AMD and Hewlett Packard Enterprise (HPE) have had long standing, collaborative history since the 1st generation AMD EPYC™ processors were announced several years ago. From SMBs to HPC to Supercomputers, more and more customers worldwide have built their business on the value and industry leading performance that AMD based HPE systems deliver.
"HPE is focused on bringing to market the most innovative technology that delivers the best value for our customers so they can accelerate the delivery of new ideas, products and services," said Bill Mannel, VP and GM of High Performance Computing (HPC) at Hewlett Packard Enterprise. "With the HPE Apollo 6500 Gen10 Plus System, we are delivering a flexible, accelerated compute platform based on the AMD EPYC SoC and AMD Instinct MI100 GPUs to optimize performance for HPC applications."
The AMD EPYC SoC delivers a better balance of cores, memory, and I/O to deliver optimal performance based upon todays HPC workloads," said John Morris, CVP, Enterprise and HPC Business Group, Advanced Micro Devices. "EPYC enables the new HPE Apollo 6500 Gen10 System to deliver unique capabilities and address the needs of a broad range of accelerated compute applications."
AMD is the new standard for High Performance Computing
AMD has proven leadership in all areas critical for success in the HPC market.
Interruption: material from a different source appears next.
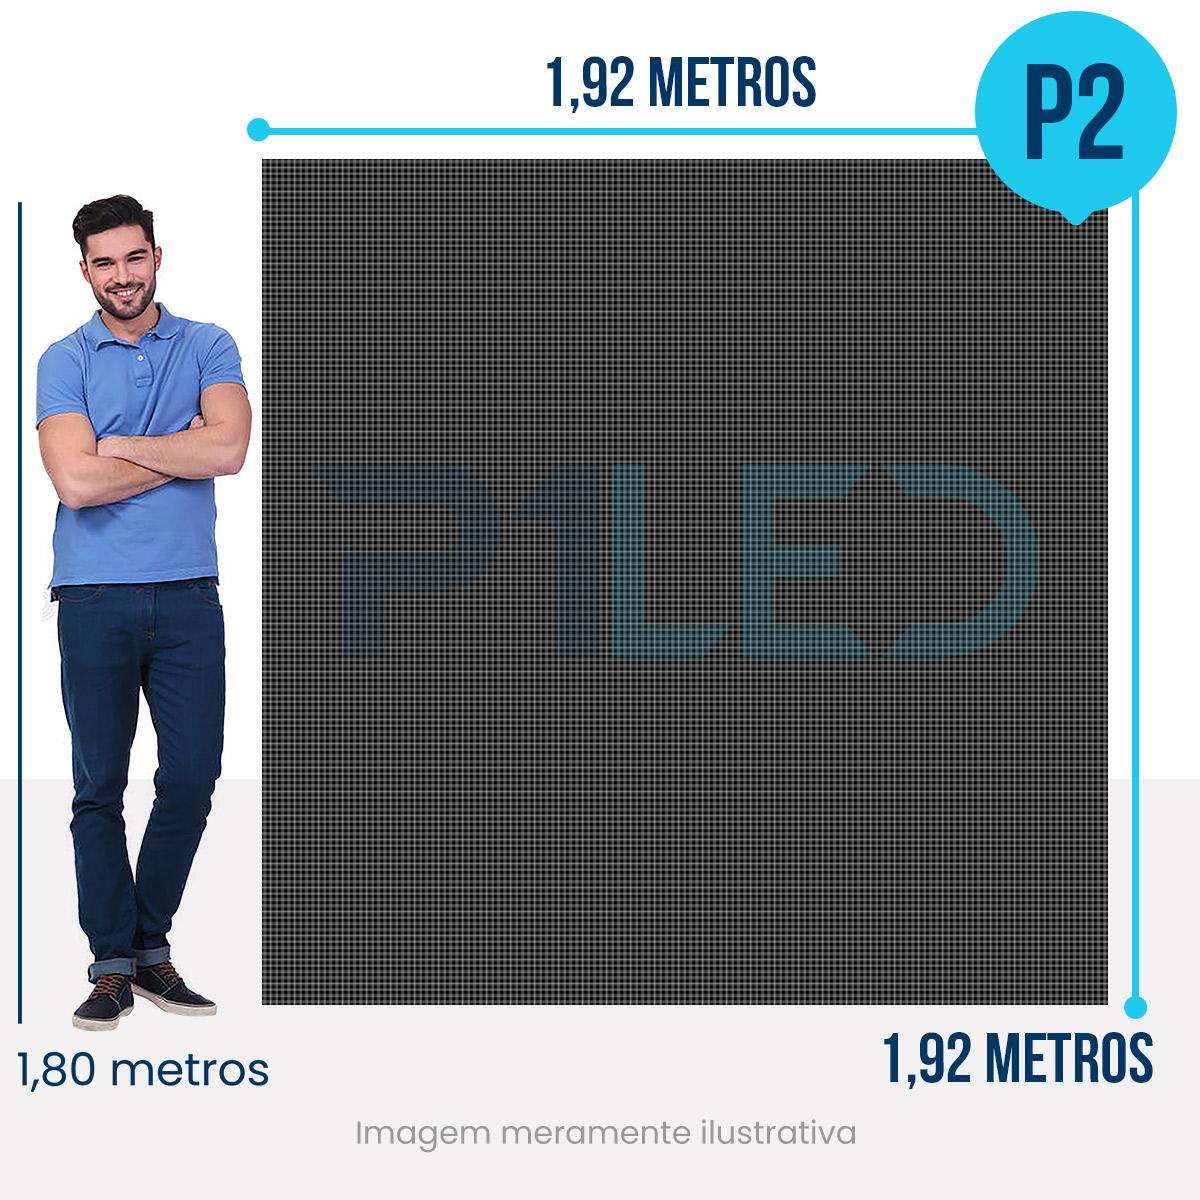 Painel de LED para Lojas e Comércios 1,92 x 1,92 - Telão P2.5 Indoor  - Painel e Telão de LED - O Melhor Preço em Painel de LED | P1LED

Let’s start with performance. AMD EPYC 7002 Series Processors deliver world record performance with ~2.3X generational performance increase and outpace Intel Xeon Platinum 8280L by up to 102%.1 AMD offers a simple SKU stack from 8 cores up to 64 cores plus high frequency SKUs so you can choose the right processor for the job. Does your application require lots of L3 cache? No problem. AMD EPYC processors offer 16 MB per 4 cores. Do you need access to lots of memory? We have that covered. With support for 8 channels and up to 4TB per socket at the fastest 3200MT/S speeds, AMD EPYC processors deliver the highest available memory. Need lots of I/O bandwidth? We offer plenty. With 128 PCIe lanes that can be used to as you wish. And you can choose without compromise since the same feature sets are available from the top of the stack to bottom without a cost increase.
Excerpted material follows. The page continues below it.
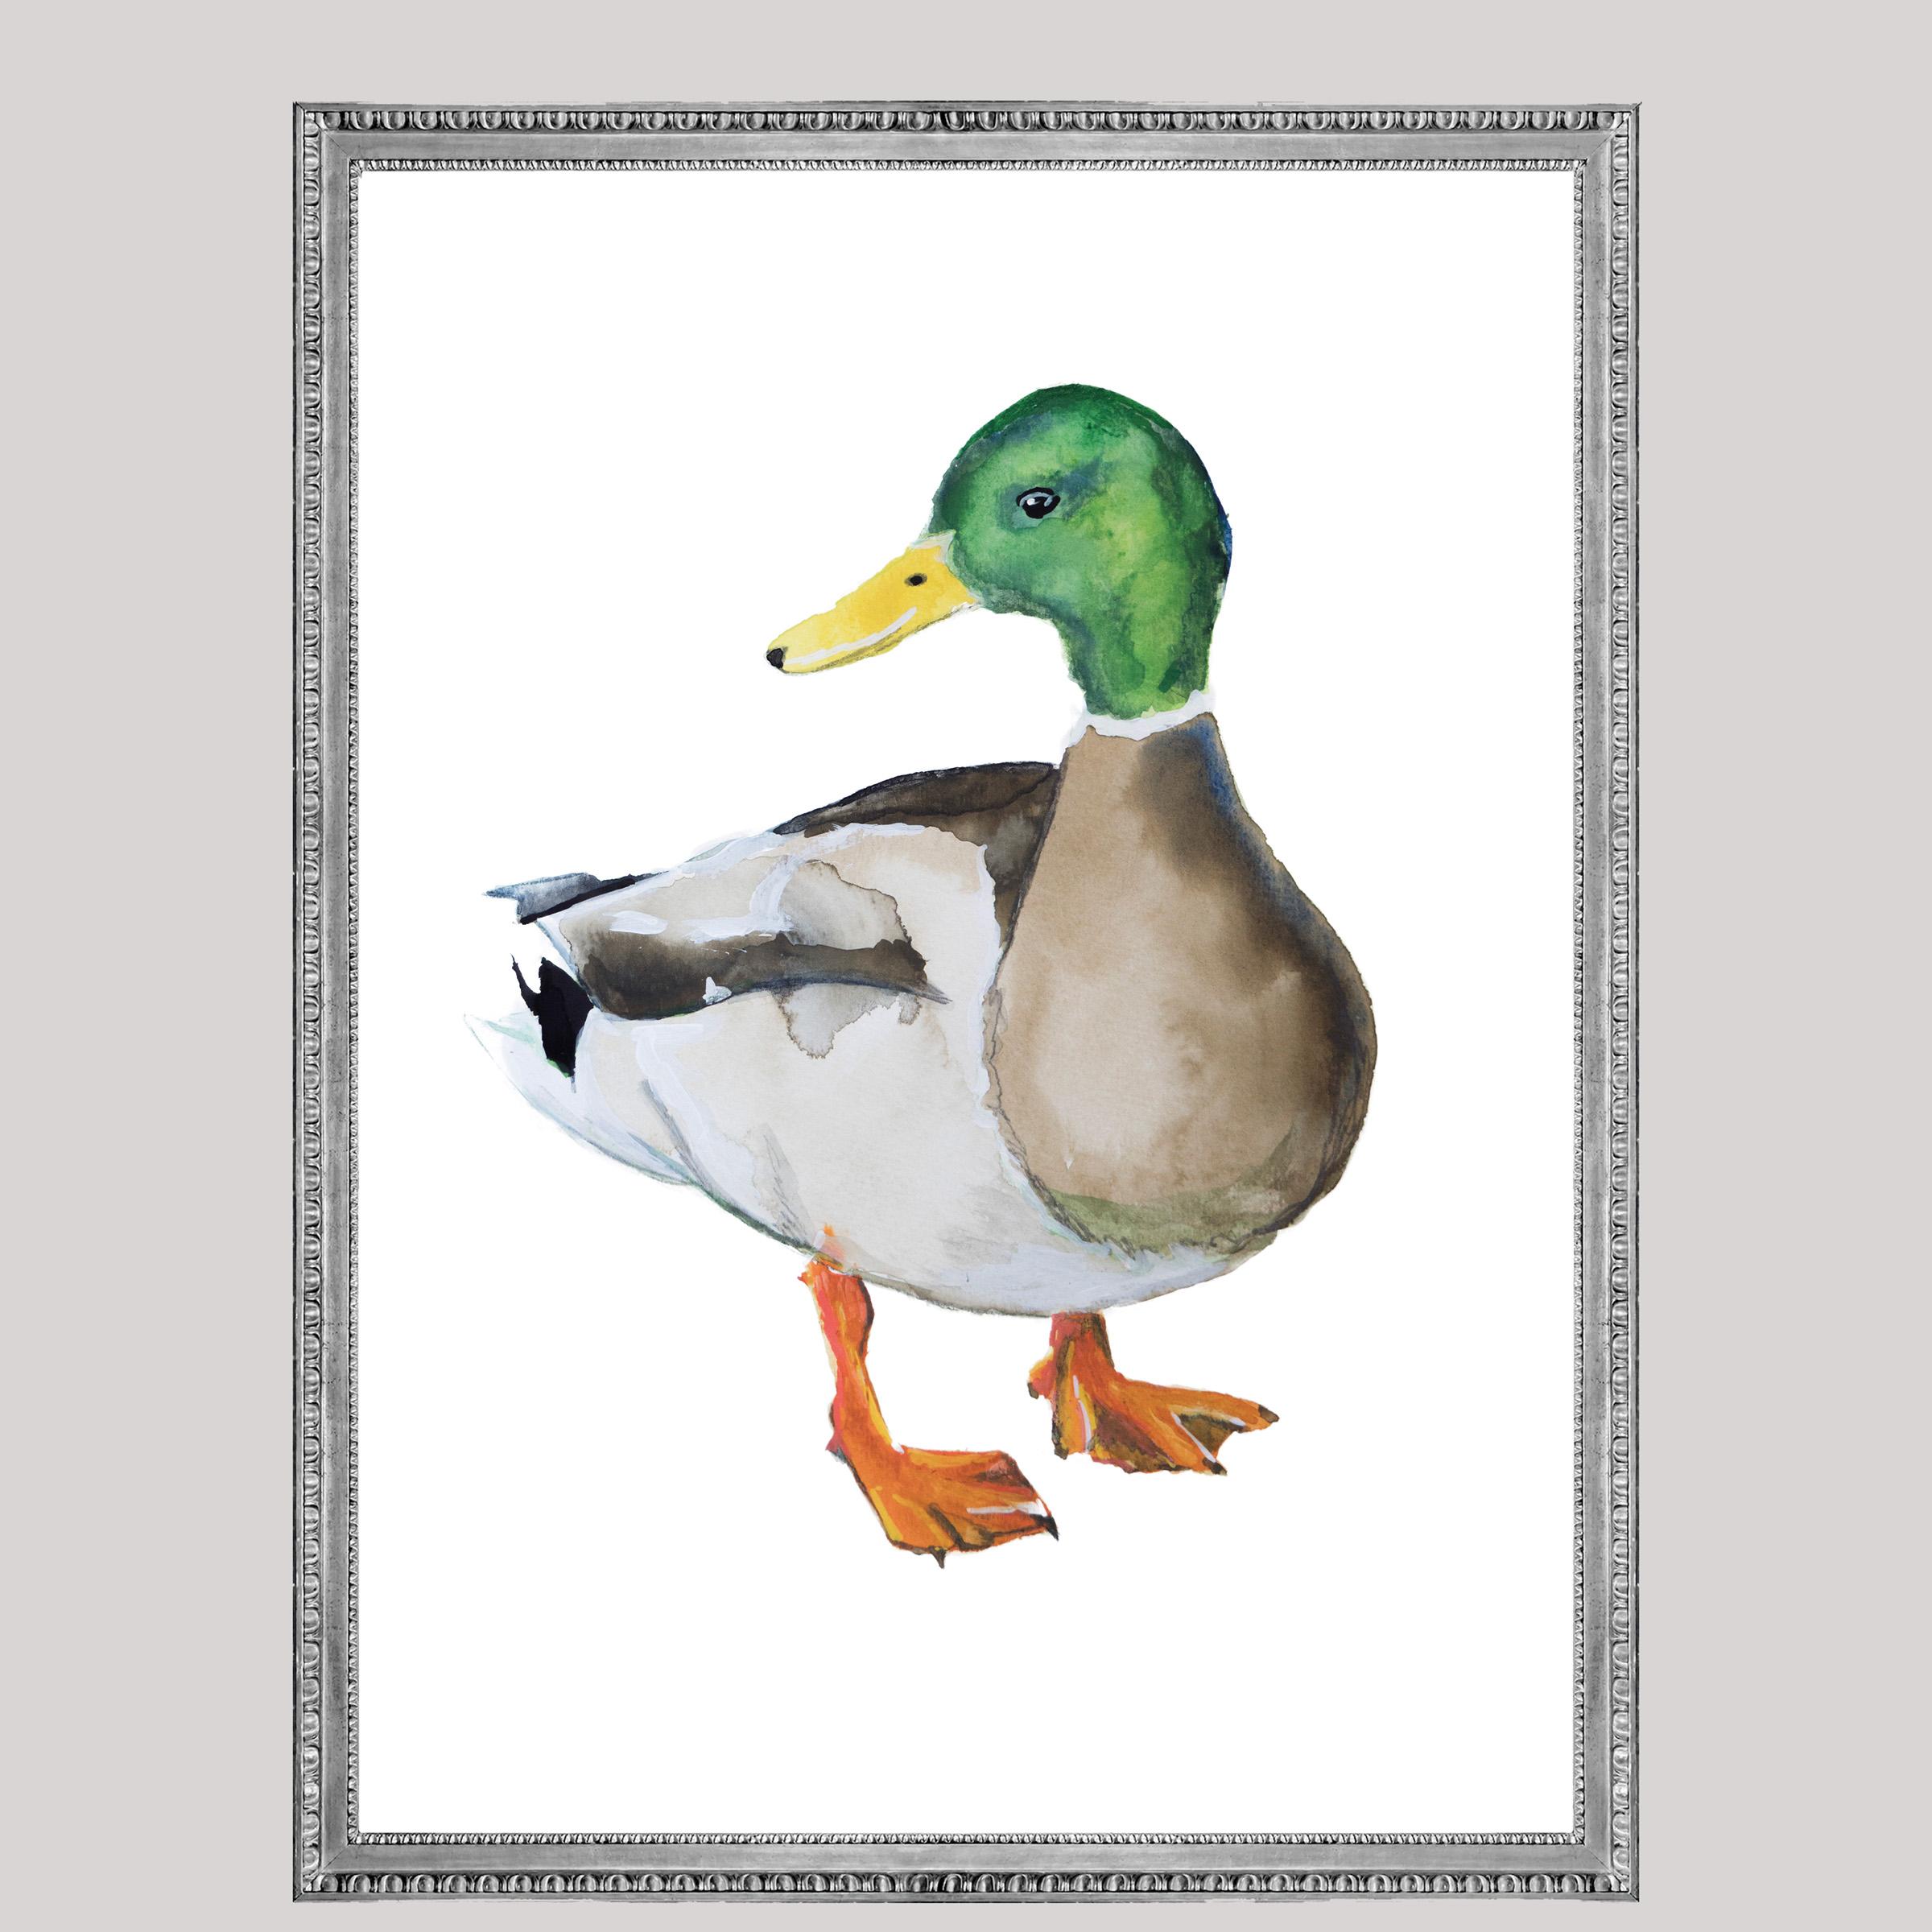 Eend Angela Peters illustratie, vogel kaarten Angelart Kunst&zo vogel poster

In addition, AMD EPYC 7002 Series Processors offer ground-breaking TCO: two socket AMD EPYC powered servers can deliver up to 49% lower TCO than 2P competition powered servers.2 This is important for HPC applications with high per core license costs to ensure they are being used efficiently.
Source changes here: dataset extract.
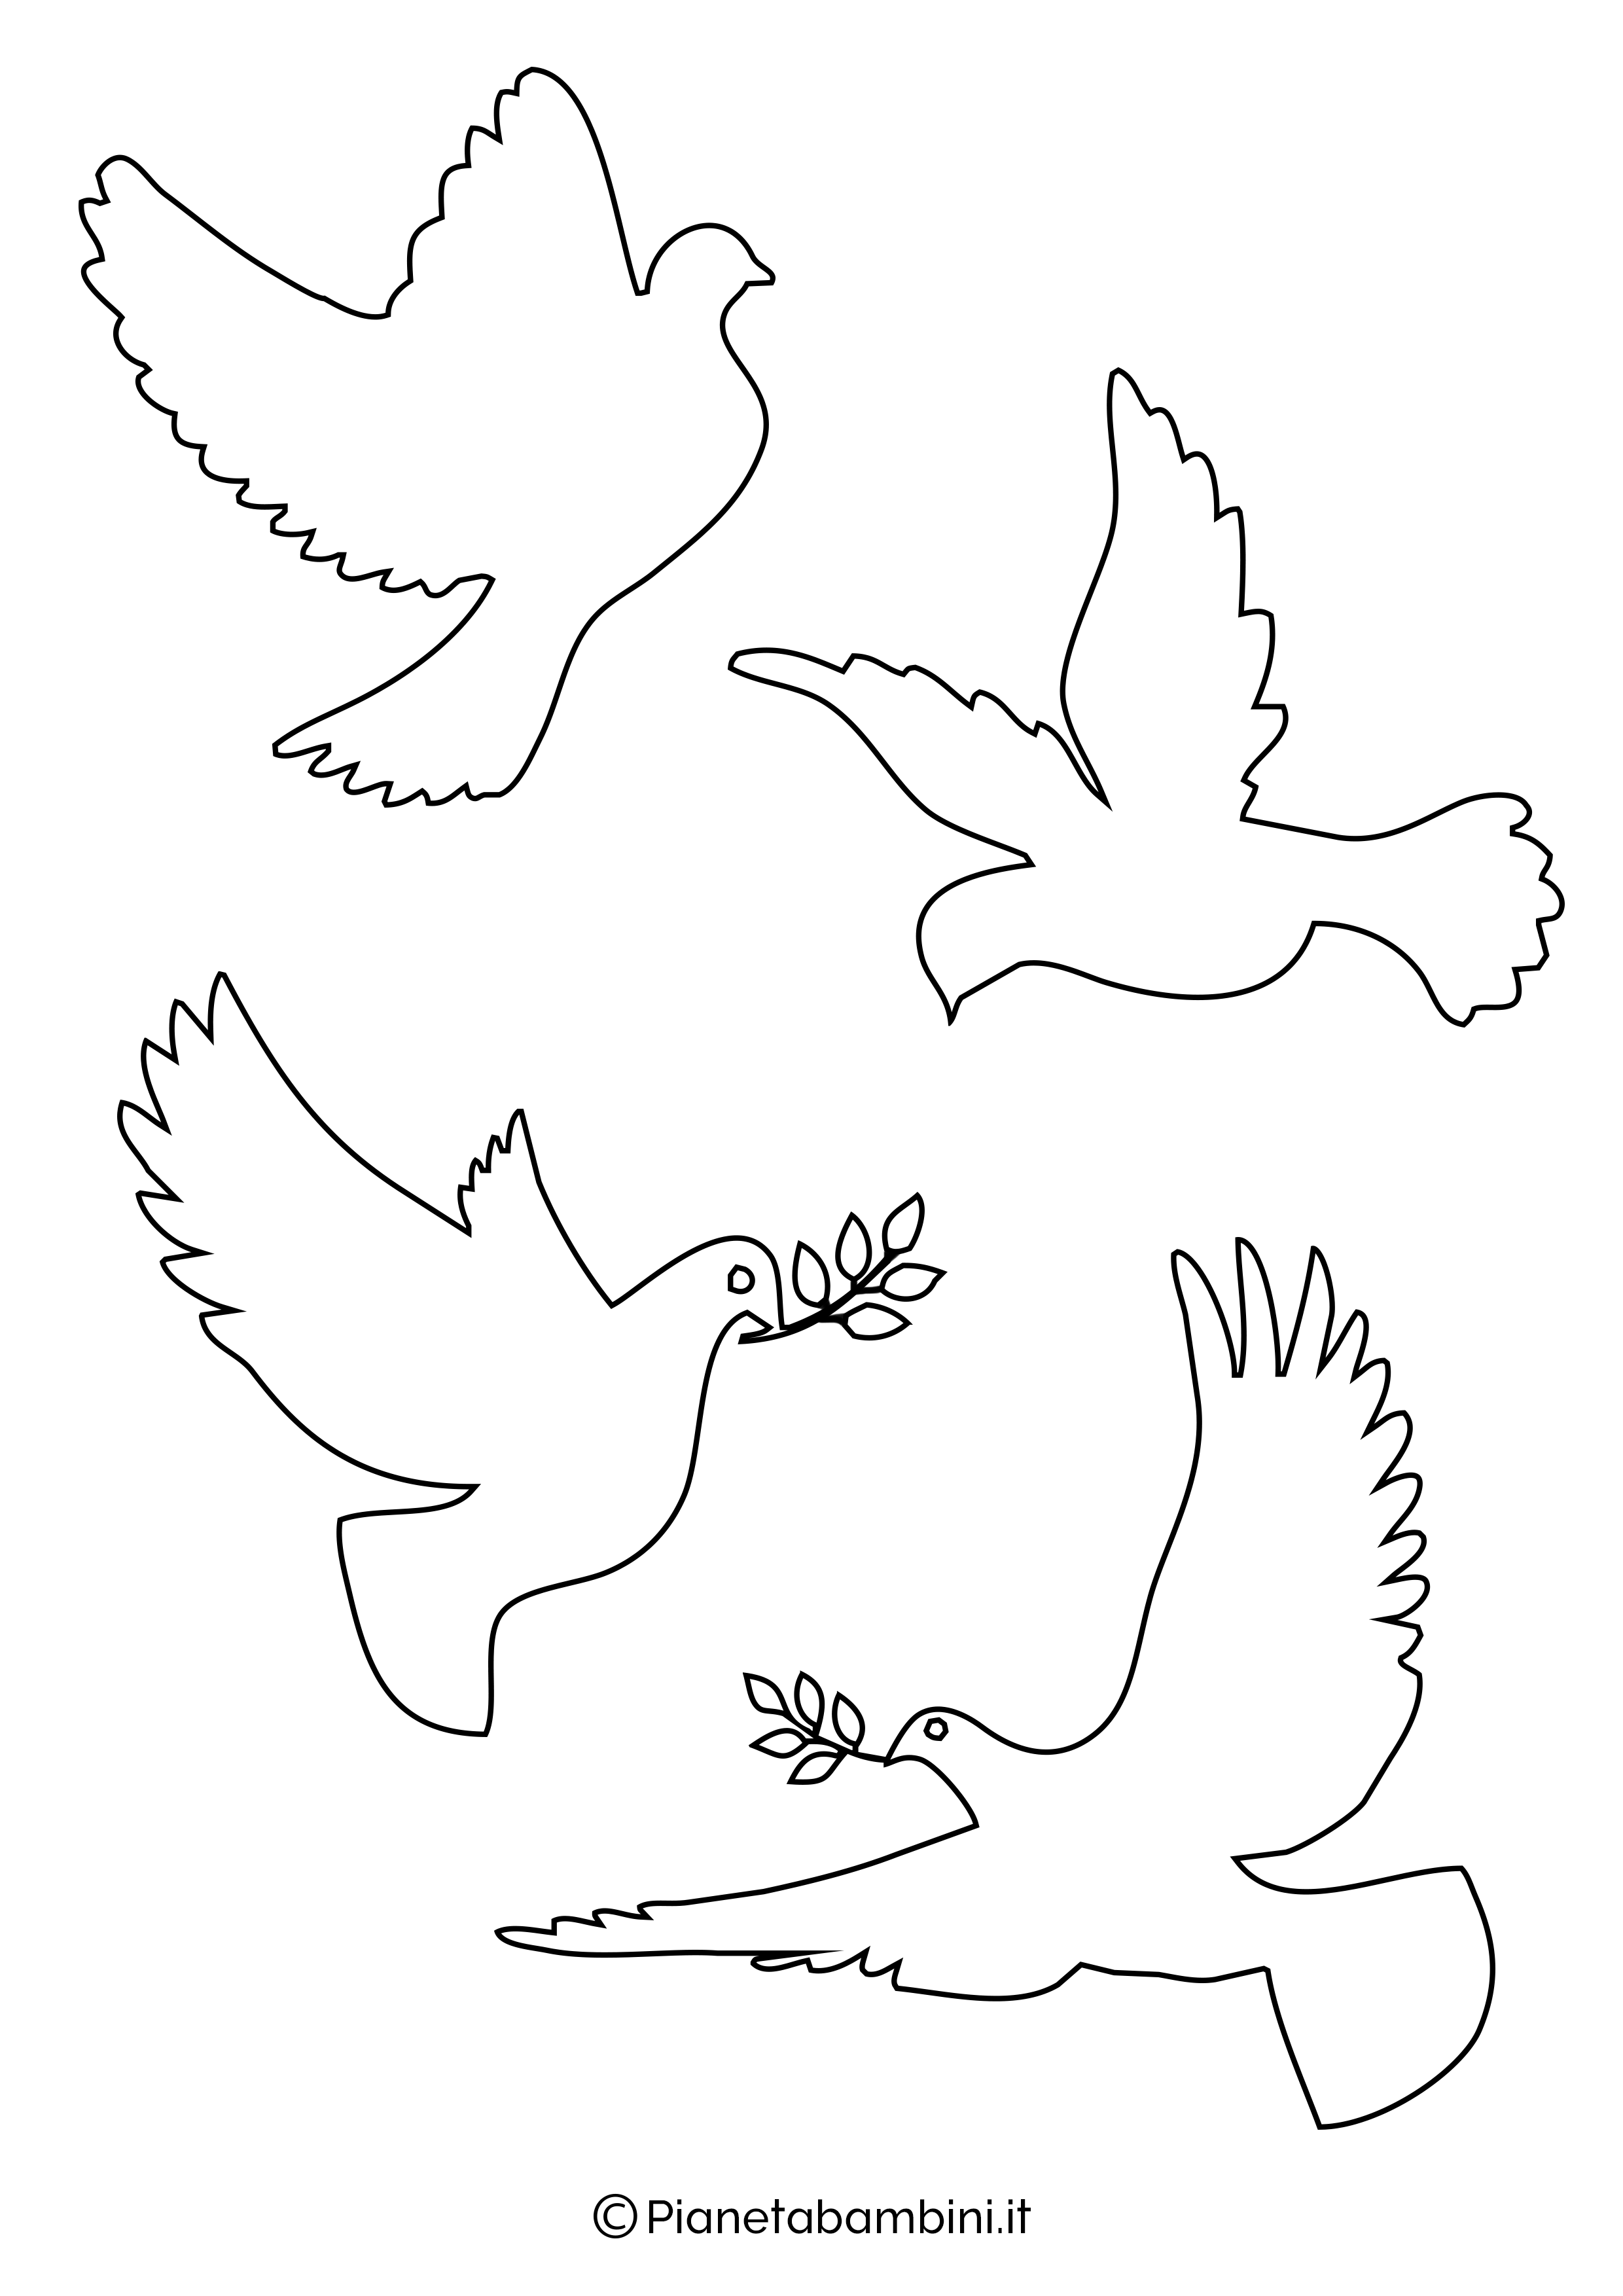 Disegni di colombe piccole

Next, AMD EPYC processors are “hardened at the core” and boast a set of advanced security features called Infinity Guard. AMD Infinity Guard features a silicon-embedded processor that helps your organization take control of security and decrease risks to your most important assets.
And finally, the AMD Infinity Architecture delivers performance, scale, efficiency and security features for the agility to move at the speed of your business, now and into the future. 2nd generation AMD EPYC processors have a hybrid multi-die SoC design and are the first x86 CPUs built on 7nm and the first to support PCIe Gen4.
What makes the HPE Apollo 6500 Gen10 Plus System with AMD so unique?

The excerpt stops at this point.